In that split, the model proposes structure, Conductor executes it under policy, and the durable ledger preserves the proposal, materialization, and results together.

That is the boundary we want in production AI systems. The LLM should be allowed to propose structure. It should not be allowed to become the invisible place where production control flow lives.

On-call: an agent investigating an incident

Suppose an on-call agent is investigating latency on the checkout service.

The agent has tools for metrics, deploy history, alert correlation, incident updates, rollback, roll-forward, and paging a human.

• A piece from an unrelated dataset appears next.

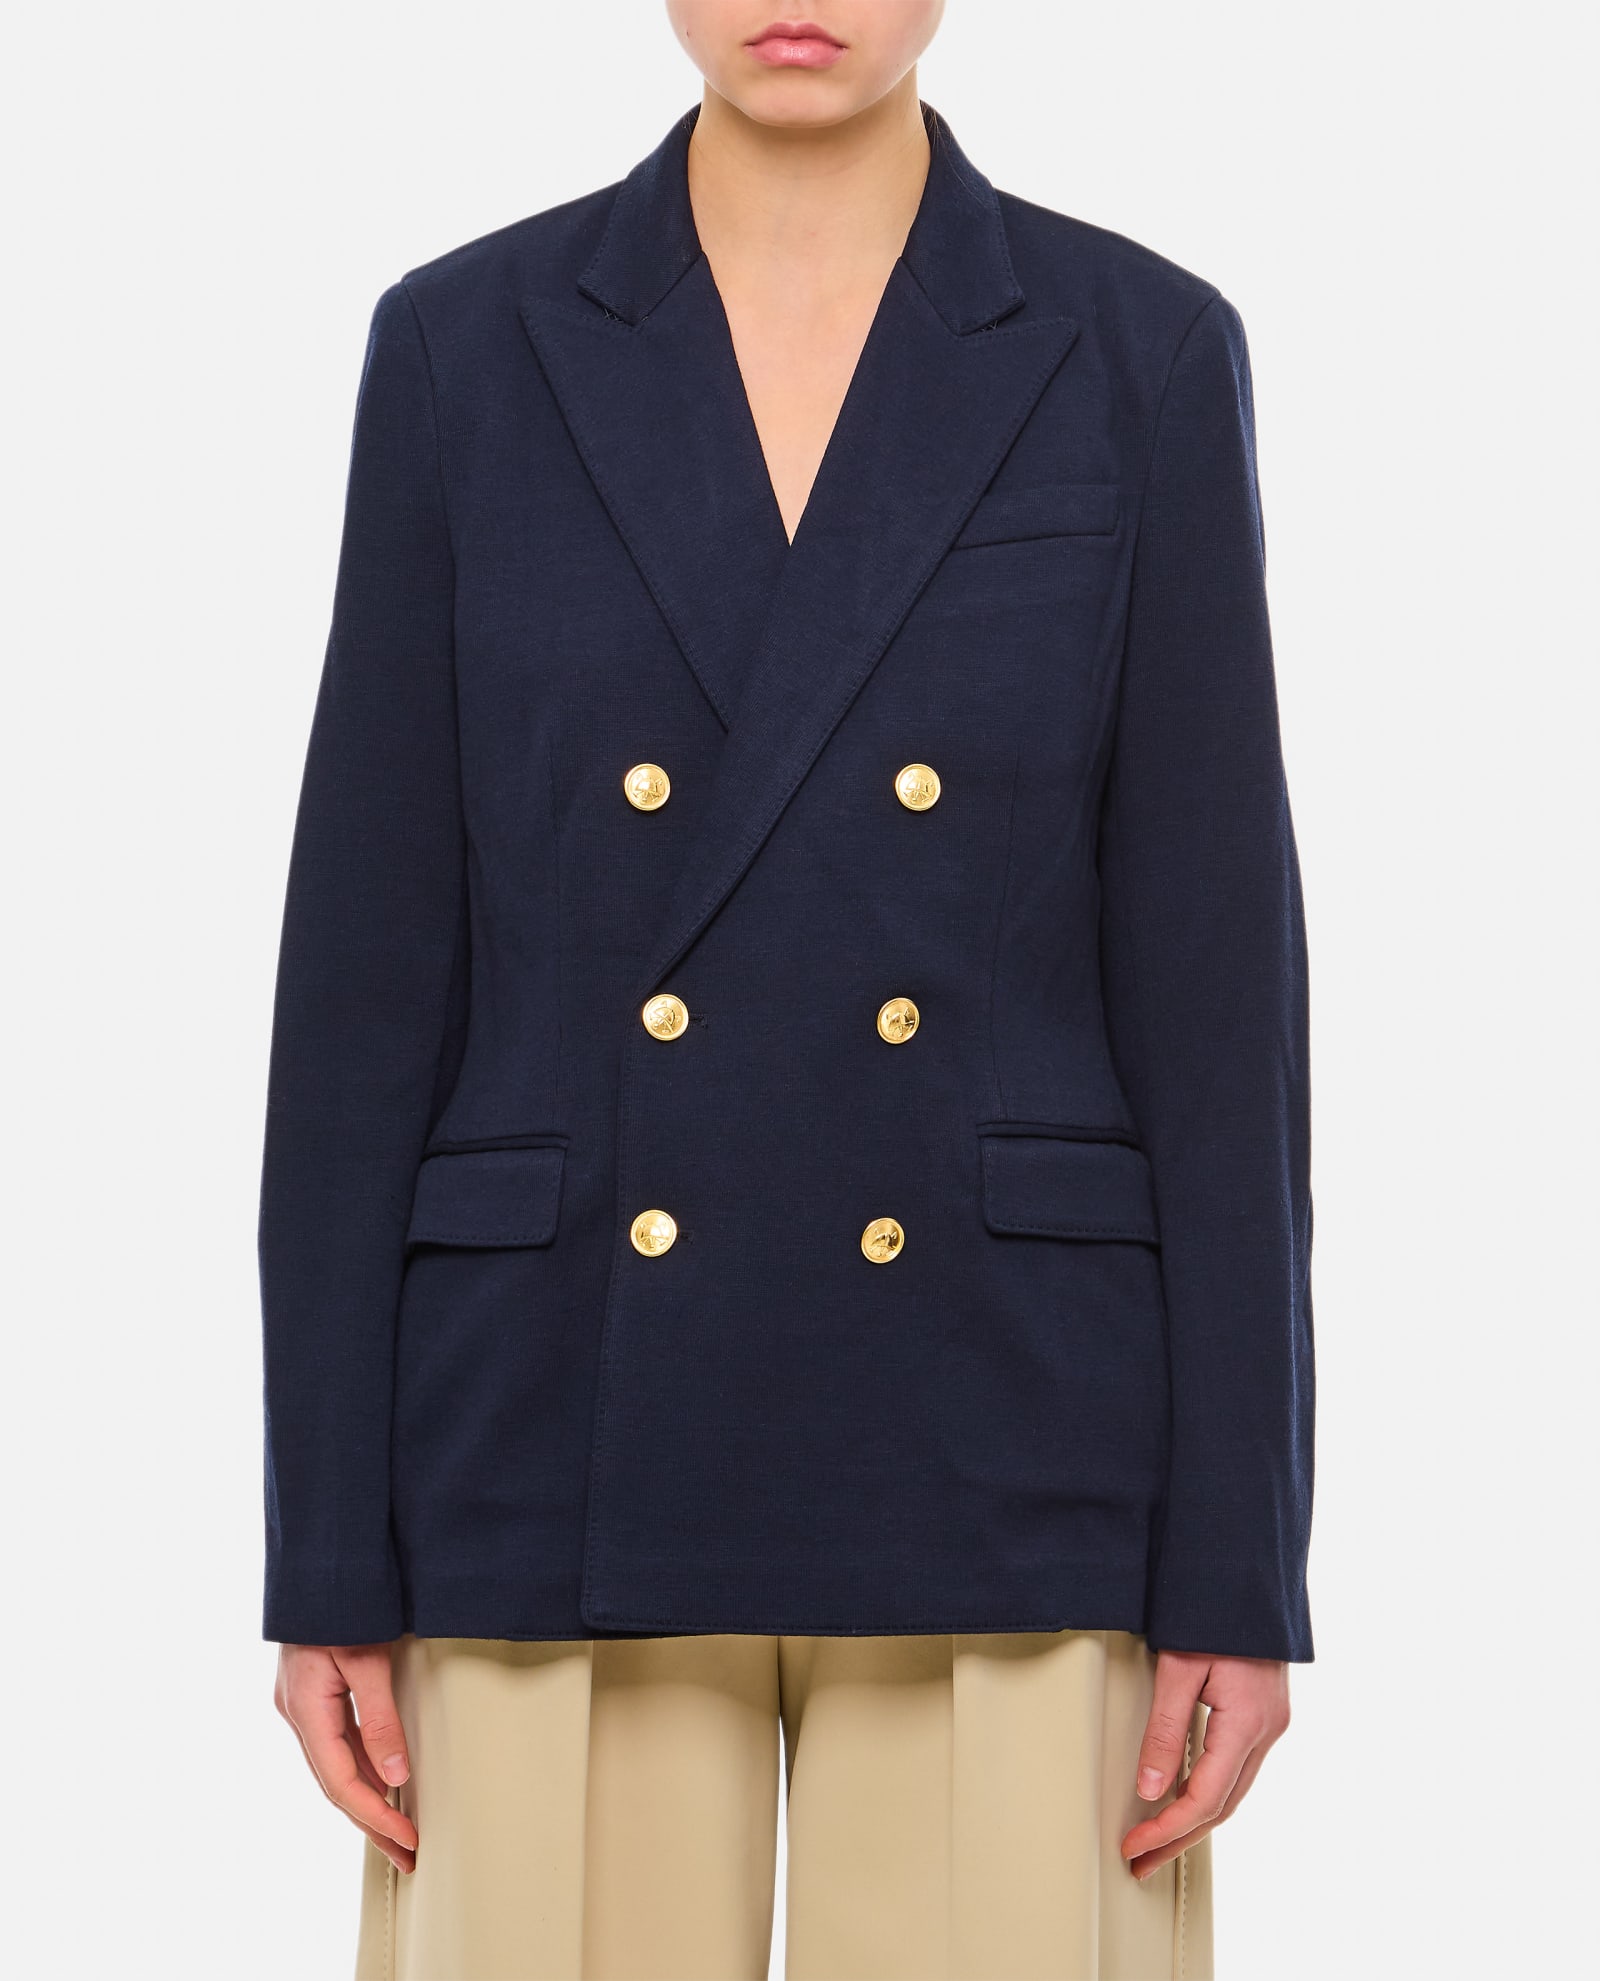 POLO RALPH LAUREN DOUBLE BREASTED JERSEY BLAZER

The model sees the page, reads the current context, and proposes a parallel investigation:

{
"intent": "FORK_JOIN_DYNAMIC",
"tasks": [
{
"type": "metrics_lookup",
"input": { "service": "checkout", "window": "30m" }
},
{
"type": "deploy_history",
"input": { "service": "checkout", "window": "2h" }
},
{
"type": "alert_correlate",
"input": { "service": "checkout", "window": "30m" }
}
]
}

Conductor validates the tools, checks the policy, materializes the fan-out as tasks, schedules them, records each result, and resumes the agent with a new context projection.

The model did not execute anything; the runtime did. The execution ledger now contains the proposal, the materialized tasks, the tool results, and the next decision point in one durable record.

That is the difference between tool calling and durable agent execution.

Tool calling says: the model asked for tools.

Durable agent execution says: the model proposed a state transition, the runtime validated it, the engine materialized it, and the ledger recorded it.

The agent’s plan is not living in application logs. It is part of the durable execution record, alongside the workflow steps that run beside it. Whatever the agent decides to do next — fan out further, escalate to a human, retry under a different policy, hand off to another agent — flows through the same primitive and lands in the same ledger.

That is what production requires.

Pick the runtime whose durability reaches the work

This is not an argument for rip-and-replace. If you operate a workflow-as-code platform today for code-defined workflows, keep it. Those platforms are good at what they were built for.

When the workflow is a program and the program is known ahead of time, replay-based durability is a strong model. It gives developers a clean abstraction for long-running code.

But agents are not ordinary long-running code. An agent’s control flow is produced at runtime. The model is not merely computing a value inside a fixed graph. It is proposing the graph.

That changes the durability requirement.

The question is no longer:

Can my workflow engine call an LLM?

Every serious platform can call an LLM. The real question is:

Can my workflow engine durably record the control flow the LLM synthesizes?

If the answer is no, the agent’s decisions live somewhere else: in logs, in a planning service, in generated workflow definitions, or inside application code that interprets model output. That may be acceptable for simple systems. It is not enough for agents that need governance, auditability, replay, compensation, human review, and production recovery.

The question is not whether your workflow engine is durable. The question is where that durability stops.

For code-defined workflows, closed-world workflow platforms can be excellent. The workflow is the program, and the program is known ahead of time.

For agents, the workflow is not fully known until the model begins reasoning. The agent’s decisions are the control flow.

If those decisions live outside the durable state machine, your agent is not durable. It is surrounded by durable infrastructure.

That distinction will matter more as agents move from demos to production systems that touch money, infrastructure, customer data, and security policy.

Conductor had open-world execution because microservices needed it first. Agentspan builds on that primitive for agents.

The model reasons. The runtime governs. The ledger records. The system recovers.

Pick the runtime whose durability extends to where the work actually happens.